Task directions: Below is a listing from which only part is wanted; return exactly the lines from the one with "Home moving specialists" up to and including the one with "iRobot Roomba 880 vs 980".

Information:
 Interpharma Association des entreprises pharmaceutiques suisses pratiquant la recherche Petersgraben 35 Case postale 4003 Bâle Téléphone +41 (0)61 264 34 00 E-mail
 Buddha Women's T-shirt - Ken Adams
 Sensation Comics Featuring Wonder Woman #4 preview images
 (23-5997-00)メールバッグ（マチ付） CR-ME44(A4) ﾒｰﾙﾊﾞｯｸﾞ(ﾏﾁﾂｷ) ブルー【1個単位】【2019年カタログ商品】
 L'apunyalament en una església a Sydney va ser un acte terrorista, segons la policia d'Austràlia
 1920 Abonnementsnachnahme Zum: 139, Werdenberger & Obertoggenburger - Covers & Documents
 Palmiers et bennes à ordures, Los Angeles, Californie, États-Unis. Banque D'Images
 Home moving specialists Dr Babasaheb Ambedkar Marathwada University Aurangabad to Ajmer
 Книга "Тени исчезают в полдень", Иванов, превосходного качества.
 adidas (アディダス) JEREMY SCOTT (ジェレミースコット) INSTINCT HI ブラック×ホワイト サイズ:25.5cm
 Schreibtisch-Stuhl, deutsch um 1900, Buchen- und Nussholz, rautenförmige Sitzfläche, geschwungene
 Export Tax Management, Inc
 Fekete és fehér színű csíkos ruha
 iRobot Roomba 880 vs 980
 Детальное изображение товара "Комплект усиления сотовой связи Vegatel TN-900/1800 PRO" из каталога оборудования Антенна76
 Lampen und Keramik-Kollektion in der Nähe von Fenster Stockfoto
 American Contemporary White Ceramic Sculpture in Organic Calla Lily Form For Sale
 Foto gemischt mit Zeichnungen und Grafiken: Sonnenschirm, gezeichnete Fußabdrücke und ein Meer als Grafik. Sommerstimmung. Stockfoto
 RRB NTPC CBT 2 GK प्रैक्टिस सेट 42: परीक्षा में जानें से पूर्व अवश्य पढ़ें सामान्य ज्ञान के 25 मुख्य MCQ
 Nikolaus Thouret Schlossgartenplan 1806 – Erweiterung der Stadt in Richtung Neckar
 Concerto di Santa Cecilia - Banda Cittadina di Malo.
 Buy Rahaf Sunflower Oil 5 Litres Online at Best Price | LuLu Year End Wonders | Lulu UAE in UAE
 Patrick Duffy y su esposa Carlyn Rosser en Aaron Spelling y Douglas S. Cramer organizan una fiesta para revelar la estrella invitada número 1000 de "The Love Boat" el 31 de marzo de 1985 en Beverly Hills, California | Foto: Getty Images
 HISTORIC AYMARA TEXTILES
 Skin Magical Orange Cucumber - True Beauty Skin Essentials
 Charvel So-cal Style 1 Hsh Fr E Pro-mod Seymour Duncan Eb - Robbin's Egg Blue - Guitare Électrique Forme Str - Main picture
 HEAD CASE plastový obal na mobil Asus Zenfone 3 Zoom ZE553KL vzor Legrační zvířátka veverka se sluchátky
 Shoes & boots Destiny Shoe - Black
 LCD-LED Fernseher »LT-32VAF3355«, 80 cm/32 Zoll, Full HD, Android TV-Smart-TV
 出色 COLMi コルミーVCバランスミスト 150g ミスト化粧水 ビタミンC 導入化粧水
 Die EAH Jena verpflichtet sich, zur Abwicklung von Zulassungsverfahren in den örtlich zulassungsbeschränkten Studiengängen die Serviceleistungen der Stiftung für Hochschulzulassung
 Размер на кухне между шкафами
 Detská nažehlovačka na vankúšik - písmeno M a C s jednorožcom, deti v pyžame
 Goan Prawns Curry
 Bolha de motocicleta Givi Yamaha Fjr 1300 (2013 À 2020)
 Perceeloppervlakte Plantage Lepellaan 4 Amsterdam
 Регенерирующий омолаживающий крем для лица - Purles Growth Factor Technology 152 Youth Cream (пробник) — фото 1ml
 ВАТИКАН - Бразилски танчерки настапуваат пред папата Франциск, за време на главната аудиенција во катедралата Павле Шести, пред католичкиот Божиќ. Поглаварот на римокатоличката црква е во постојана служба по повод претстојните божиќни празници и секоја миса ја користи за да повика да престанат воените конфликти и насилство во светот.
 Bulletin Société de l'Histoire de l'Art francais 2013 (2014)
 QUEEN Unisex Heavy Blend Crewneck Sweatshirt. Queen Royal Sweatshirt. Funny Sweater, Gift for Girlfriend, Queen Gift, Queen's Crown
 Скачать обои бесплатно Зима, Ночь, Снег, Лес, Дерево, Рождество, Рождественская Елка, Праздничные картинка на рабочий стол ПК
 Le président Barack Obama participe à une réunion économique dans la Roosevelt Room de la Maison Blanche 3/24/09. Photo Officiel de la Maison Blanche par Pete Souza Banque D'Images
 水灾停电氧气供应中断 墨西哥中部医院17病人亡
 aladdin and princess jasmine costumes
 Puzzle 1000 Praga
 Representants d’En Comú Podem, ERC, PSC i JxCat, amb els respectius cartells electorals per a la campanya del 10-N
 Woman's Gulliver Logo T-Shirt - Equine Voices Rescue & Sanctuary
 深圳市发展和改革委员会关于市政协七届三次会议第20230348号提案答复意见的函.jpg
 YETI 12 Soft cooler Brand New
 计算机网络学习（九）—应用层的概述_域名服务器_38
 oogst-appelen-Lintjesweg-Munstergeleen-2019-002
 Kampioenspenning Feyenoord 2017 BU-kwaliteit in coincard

Result below:
 Home moving specialists Dr Babasaheb Ambedkar Marathwada University Aurangabad to Ajmer
 Книга "Тени исчезают в полдень", Иванов, превосходного качества.
 adidas (アディダス) JEREMY SCOTT (ジェレミースコット) INSTINCT HI ブラック×ホワイト サイズ:25.5cm
 Schreibtisch-Stuhl, deutsch um 1900, Buchen- und Nussholz, rautenförmige Sitzfläche, geschwungene
 Export Tax Management, Inc
 Fekete és fehér színű csíkos ruha
 iRobot Roomba 880 vs 980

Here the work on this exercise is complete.